Por: José Mário Leite
(colaborador do Memórias...e outras coisas...)
Recentemente, no tampo da minha secretária, estava um pedido de autorização para a aquisição de um sofisticado software para o aumento de capacidade de processamento do equipamento instalado no Laboratório de “Machine Learning” da Fundação Champalimaud. O quarto lugar no ranking mundial das instituições sem fins lucrativos, na área da Inteligência Artificial exige um investimento contínuo e ao mais alto nível. Obviamente que a classificação atribuída pela prestigiadíssima revista científica Nature, enche de orgulho todos os portugueses, bem como todos os colaboradores da Champalimaud, especialmente toda a Unidade de Investigação.
Os resultados obtidos por instituições de investigação independentes, nesta área, são também motivo de alguma tranquilidade numa área que, devido à sua expansão e existência consistente em variadas áreas da vida contemporânea, não deixa de originar algumas preocupações. Muito mais do que imaginamos é já analisado, classificado e até decidido, com base em algoritmos residentes em supercomputadores.
Foi notícia, o papel destas ferramentas informáticas no processo de despedimentos da TAP e isso tem de ser motivo de preocupação e reflexão. Porque este uso não está ainda regulado e, o estado da arte, atual, sendo já muito evoluído, tanto que tem enormes capacidades de processamento e elaboração, não o é, suficientemente, para estar, garantidamente, imune a erros grosseiros e perigosos. Um algoritmo é, na prática, um conjunto de instruções predefinidas que permitem chegar a um determinado resultado. São usados desde os primórdios da computação pois são a base da operação dos sistemas informáticos.
Os recentes desenvolvimentos de software e a abundância de enormes bases de dados vieram permitir que a própria máquina não se limitasse a seguir um guião totalmente definido, mas pudesse aprender, imitando o comportamento humano, analisando milhões de casos documentados nas gigantescas memórias digitais.

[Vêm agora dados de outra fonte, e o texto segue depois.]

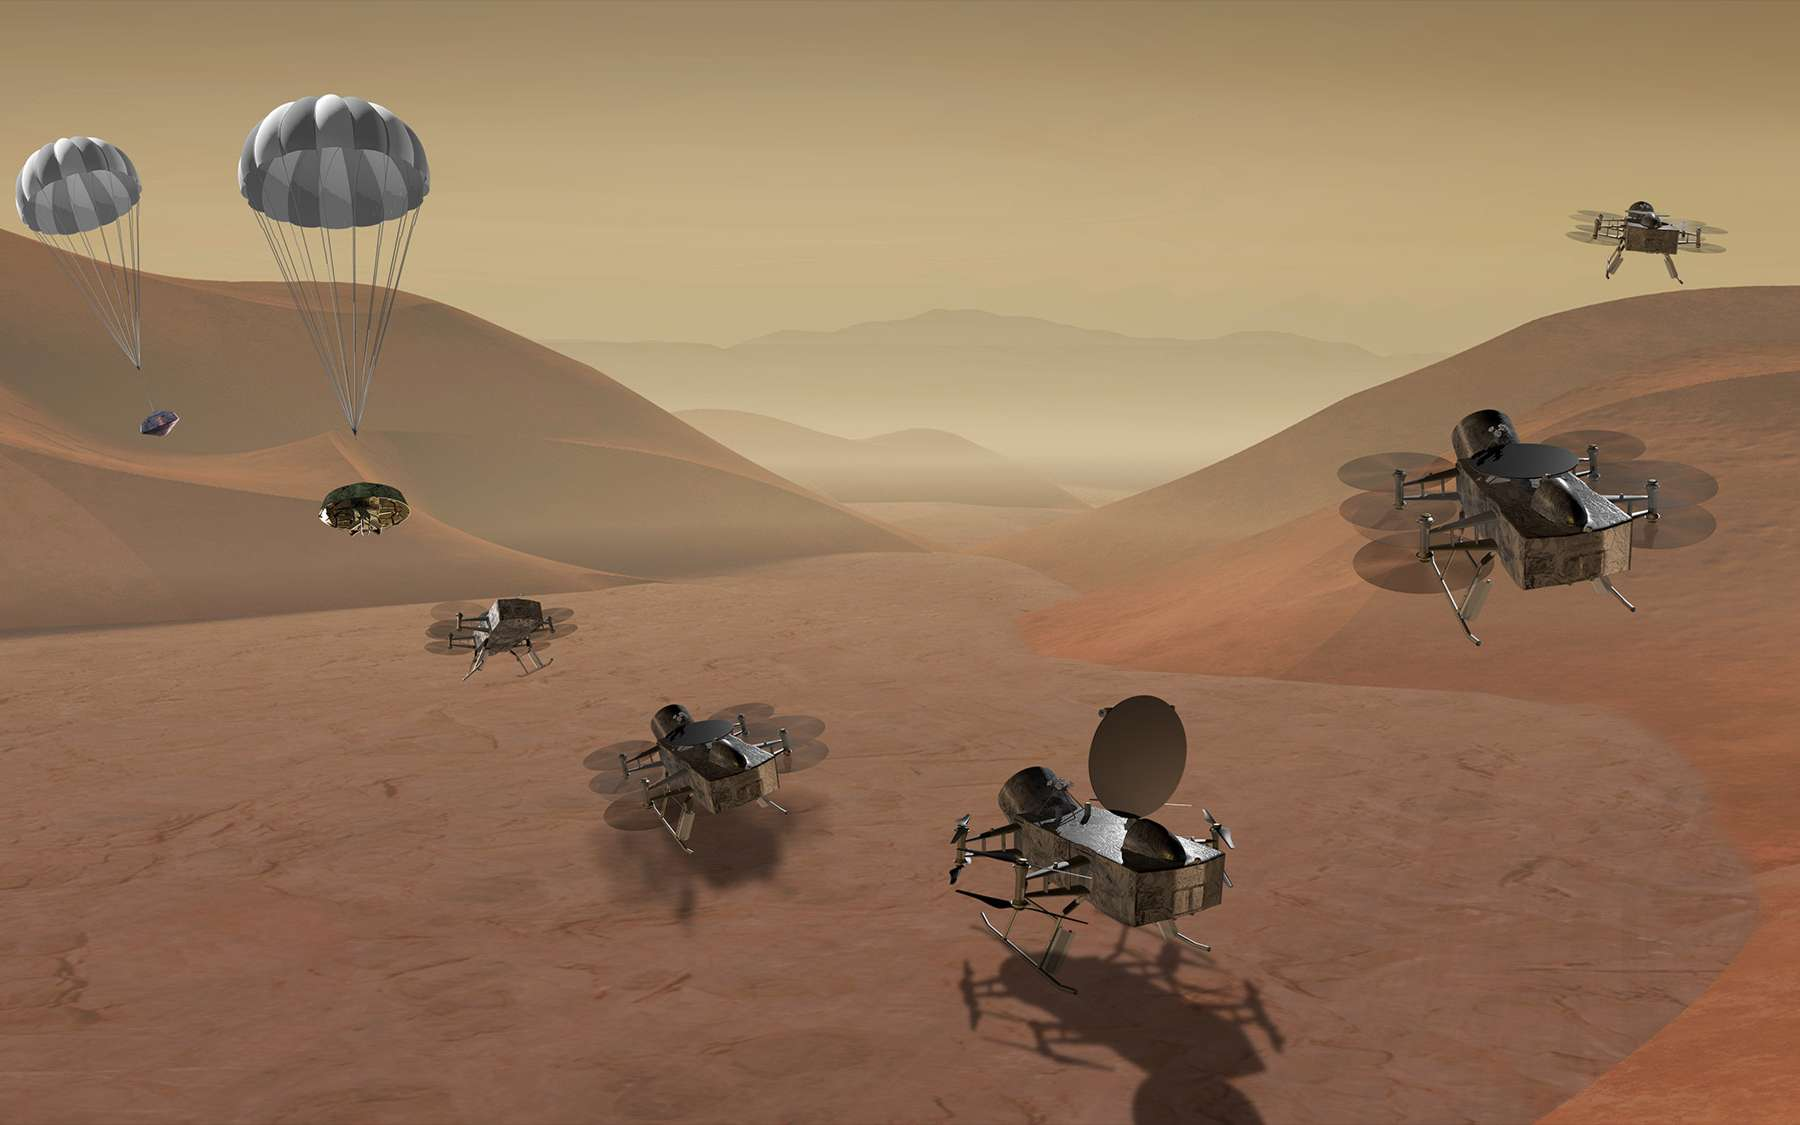 Une vue artistique de ce que pourrait être le Dragon Fly, un engin volant conçu pour se promener sur Titan, la plus grosse lune de Saturne. © Laboratoire de physique appliquée de l'université Johns-Hopkins, Steve Gribben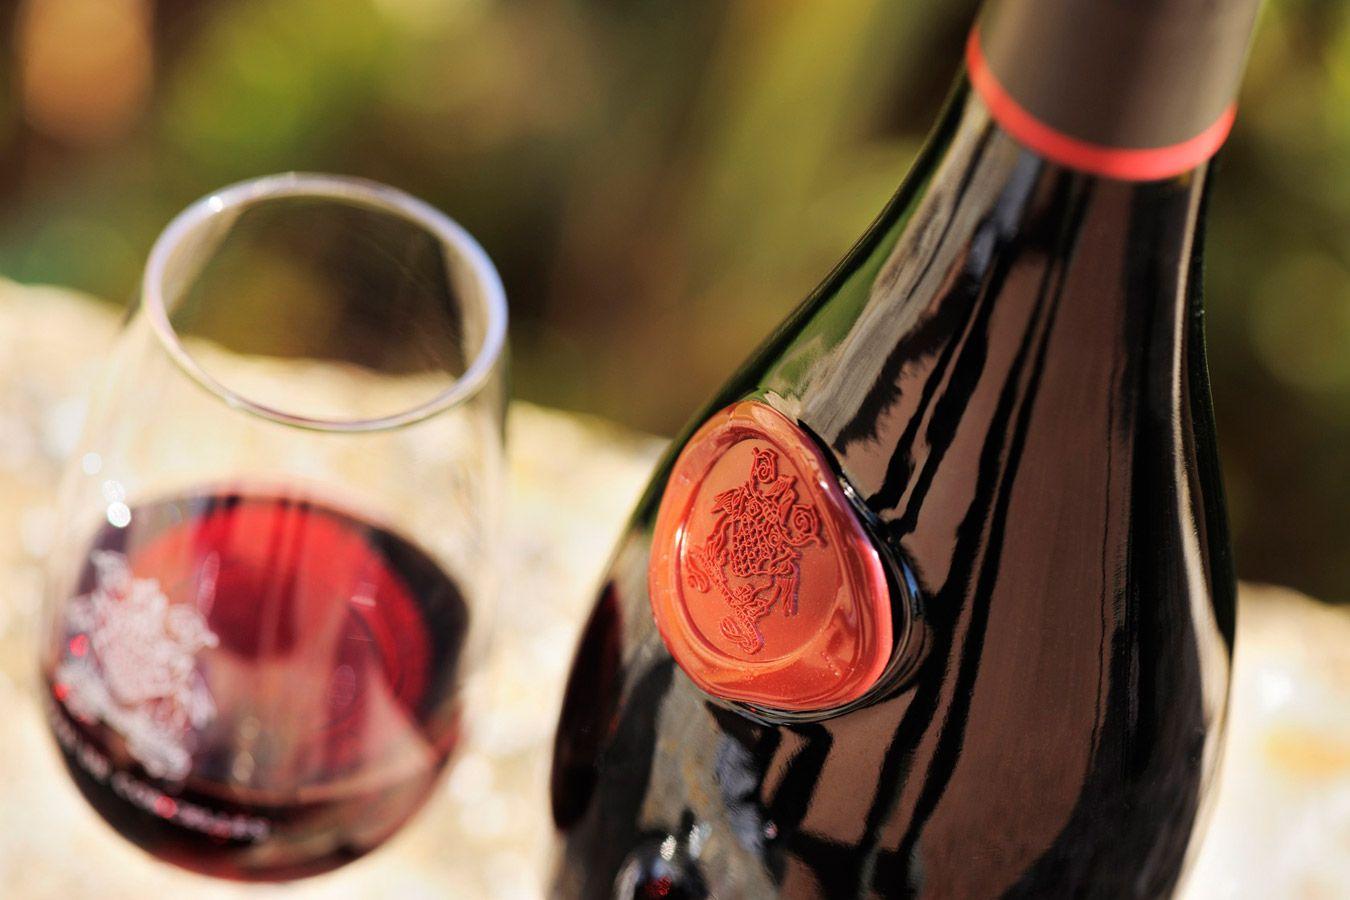 Le Chateau De Corcelles Propose Un Vin Rouge Et Brillant A La Saveur Fruitee Et Aux Bons Aromes Du Terroir Beaujolais Des Parfums De Bo Vin Rouge Vin Rose Vin

Mas, a aprendizagem por comparação, sendo um salto enormíssimo neste processo não garante, ainda, uma confiabilidade elevada.
Os exemplos multiplicam-se existindo até uma página de internet dedicada aos fracassos. Um dos casos relatados trata da identificação de maçãs, por um programa de computador. O algoritmo é alimentado com milhões de fotografias de belas e diversas maçãs vermelhas e também de vários milhares de imagens de outros frutos. A máquina aprende e identifica todas as maçãs vermelhas mas, quando lhe é apresentada uma maçã verde... classifica-a como pera, por causa da cor! Contudo, a Inteligência Artificial é já usada no dia a dia, sendo o exemplo mais corrente o reconhecimento facial de alguns “smart-phones”. Mas é também uma ferramenta de trabalho em Bancos, Companhias de Seguro e Empresas de Seleção e Recrutamento. Nada nem ninguém obriga essas instituições a assegurarem a fiabilidade de tais processos, nem sequer a informar os utentes do seu uso e qual o grau de envolvimento na decisão final. Esta utilização discricionária, por empresas privadas, cujo objetivo principal é o lucro, é assustadora pelas consequências sociais que pode acarretar. Mas se o objetivo, para além do sucesso comercial e financeiro for político, pode ser ainda pior.
Para agravar os receios desta situação, notícias recentes garantem que a China lidera a investigação nesta área bem como o seu uso pelo estado ou companhias controladas pelo poder público, o que é, mais ou menos o mesmo. Ora se o aproveitamento destas tecnologias pelos agentes do mercado pode e deve causar preocupação, se estiverem ao serviço de poderes políticos opacos e com pouco escrutínio público, devem ser motivo de inquietante temor.
José Mário Leite, Nasceu na Junqueira da Vilariça, Torre de Moncorvo, estudou em Bragança e no Porto e casou em Brunhoso, Mogadouro.
Colaborador regular de jornais e revistas do nordeste, (Voz do Nordeste, Mensageiro de Bragança, MAS, Nordeste e CEPIHS) publicou Cravo na Boca (Teatro), Pedra Flor (Poesia) e A Morte de Germano Trancoso (Romance) tendo sido coautor nas seguintes antologias; Terra de Duas Línguas I e II; 40 Poetas Transmontanos de Hoje; Liderança, Desenvolvimento Empresarial; Gestão de Talentos (a editar brevemente).
Foi Administrador Delegado da Associação de Municípios da Terra Quente Transmontana, vereador na Câmara e Presidente da Assembleia Municipal de Torre de Moncorvo.
Foi vice-presidente da Academia de Letras de Trás-os-Montes.
É Diretor-Adjunto na Fundação Calouste Gulbenkian, Gestor de Ciência e Consultor do Conselho de Administração na Fundação Champalimaud.
É membro da Direção do PEN Clube Português.